Now, before I get carried away and call you the ‘c’ word (yeah, ‘compliment’, nah) I’m going to explain why you are the DUMBEST human walking the planet today.
I’m sure stealing credit card details pays well. Certainly better than the clean, honest, hard work that I do for my skinny paypack. And I doubt you’d give a thought to all the hours of overtime and going without that me and my family have done ALL YEAR LONG. All so that we could eliminate our credit card debt and be ready for a great Christmas break. Then you came along.
I admit, I don’t know how you stole my credit card details. You’ve got me there. But I have to assume that you purchased them from some kind of internet hacker who’s A LOT smarter than you.

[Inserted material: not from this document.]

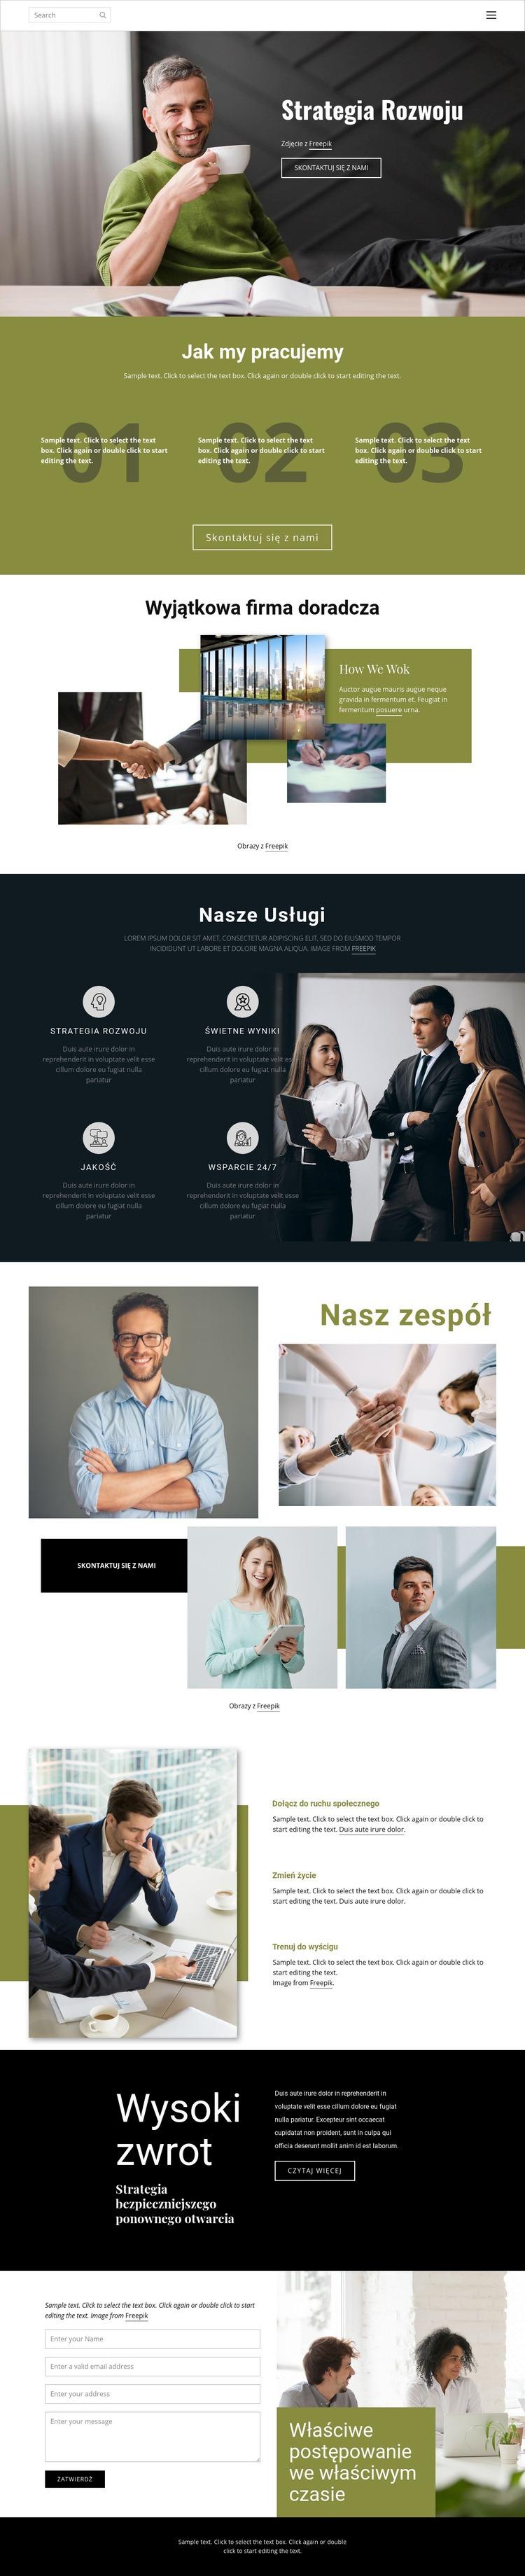 Sposoby na rozwój biznesu Szablon witryny sieci Web

Perhaps you should have asked for directions on “how to use stolen credit details”, as what you did next has earned you an internet diploma in dumbass-ed-ness. The ultimate ‘golden turd’ award.
I know it’s Christmas and all, and everyone deserves a holiday. But criminals like you really do need to put the bottle down and think more clearly about how you pay for that holiday.
Purchasing your airline tickets on MY credit card redefines the word ‘stoopid’. Even to my 8 year old daughter. You are the thickest, densest stump in the kauri forest. Please, don’t be offended. And please, don’t breed. The world needs one less of you… not one more.
End of rant.
P.S. Good luck when the bank’s financial mafia turn up at the airport and take you into a quiet little back-room for a nice, friendly chat. Yeah, nah, I’m sure they’re just an urban myth designed to scare people like you out of business. Haha. Break a leg.
P.P.S. Don’t forget to wear your cutest knickers. Cos I have a feeling YOU are in for some good old fashioned prison lovin’, biarch.
P.P.P.S. I now feel I have got $834.34 of entertainment value at YOUR expense. I’m over it and heading into a great holiday season. Poorer, yes, but with a wealth of friends and whanau.